Backup Gitlab Data and Repositories to Amazon S3

Make sure you don't lose all that precious GitLab data by backing regularly and syncing with an Amazon S3 bucket.

I've found GitLab to be a nice solution for storing all my git repositories. But it's a little scary hosting it myself. There are a lot of what-ifs for something that is somewhat of a lifeline.

It's become imperative to backup this data. GitLab makes it easy to backup, and even to restore from a backup.

Note: I installed GitLab prior to the Omnibus package being the preferred method. I suspect using that package won't change this approach, but I'm not guaranteeing it.

Run the Backup Script

GitLab has a built in task to backup its data and repositories. Just make sure you're running the command as the git user, so our file permissions are predictable and consistent.

$ cd /home/git/gitlab
$ sudo -u git -H bundle exec rake gitlab:backup:create RAILS_ENV=production

You should see some output as this task steps through its process.

Delete Old Backups

After the rake task packages up the backup, you're left with a tarball. But, it's still likely to be a pretty heavy file, and with a timestamp as part of its filename, this backup directory can get quite heavy.

So, it's nice to delete old files in there. Let's say you wanted to get rid of all the backups older than 30 days.

$ find /home/git/gitlab/tmp/backups/*.tar -mtime +30 -exec rm {} \;

This assumes the user which runs this command has access to /home/git/gitlab/tmp/backups/.

Syncing to Amazon S3

If you take regular snapshots of your server, this might be good enough. But, if you want to go one step further, you could sync this data with Amazon's S3 Service.

To do that, we can do that real easily by installing s3cmd. If you're on Ubuntu like me, it's as simple as:

$ sudo apt-get install s3cmd

Once the installation is complete, you can add your credentials to the command.

$ s3cmd --configure

You'll need to generate API keys through Amazon's AWS Identity and Access Management System unless you already have them. And you'll have to create a bucket if you don't already have one.

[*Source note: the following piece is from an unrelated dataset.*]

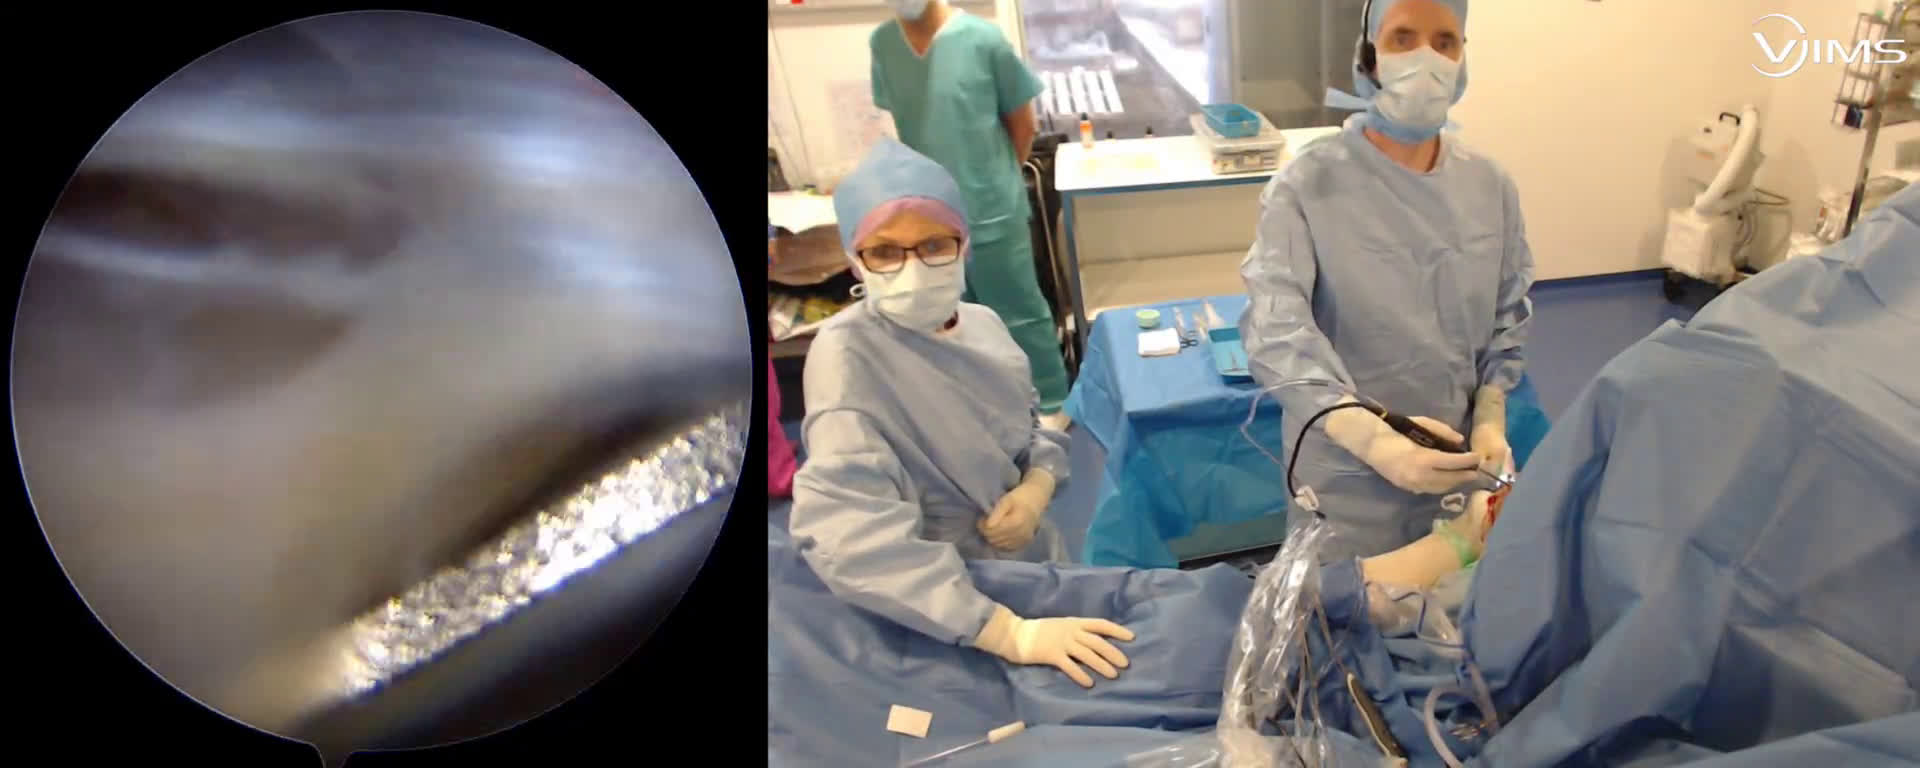 Réparation arthroscopique d'une rupture de la coiffe des rotateur de l'épaule par suture double rang type « speed bridge » (Dr. Joudet)

But, once you're all set up with Amazon, the command is simple.

$ s3cmd sync --skip-existing --delete-removed /home/git/gitlab/tmp/backups/ s3://[your_bucket]/gitlab/backups/

Replace [your_bucket] with your actual bucket name.

Configuring Cron

Last, you can automate all of this by using cron jobs. If you haven't used crontab before, it's also quite simple. To run the editor, use this command:

$ crontab -e

You can remove all the comments, although you'll learn a bit by reading through them.

Cron runs based on time intervals you pass to each line. I always forget what they mean, so I use a generator to help me, like this one.

In my case, here's what I want to do:

Every Sunday at 2:00 am, run the backup script.
Every Sunday at 3:00 am, remove all backups older than 30 days (should leave 4 files)
Every Sunday at 4:00 am, sync the backup directory with my S3 bucket.

Here's what that looks like.

crontab

0 2 * * * cd /home/git/gitlab && sudo -u git -H bundle exec rake gitlab:backup:create RAILS_ENV=production
0 3 * * * find /home/git/gitlab/tmp/backups/*.tar -mtime +30 -exec rm {} \;
0 4 * * * s3cmd sync --skip-existing --delete-removed /home/git/gitlab/tmp/backups/ s3://[my_bucket]/gitlab/backups/

Restore from Backup

I've never restored from a backup, so I can't speak to its effectiveness. I would recommend you reference this manual if you need to restore from backup.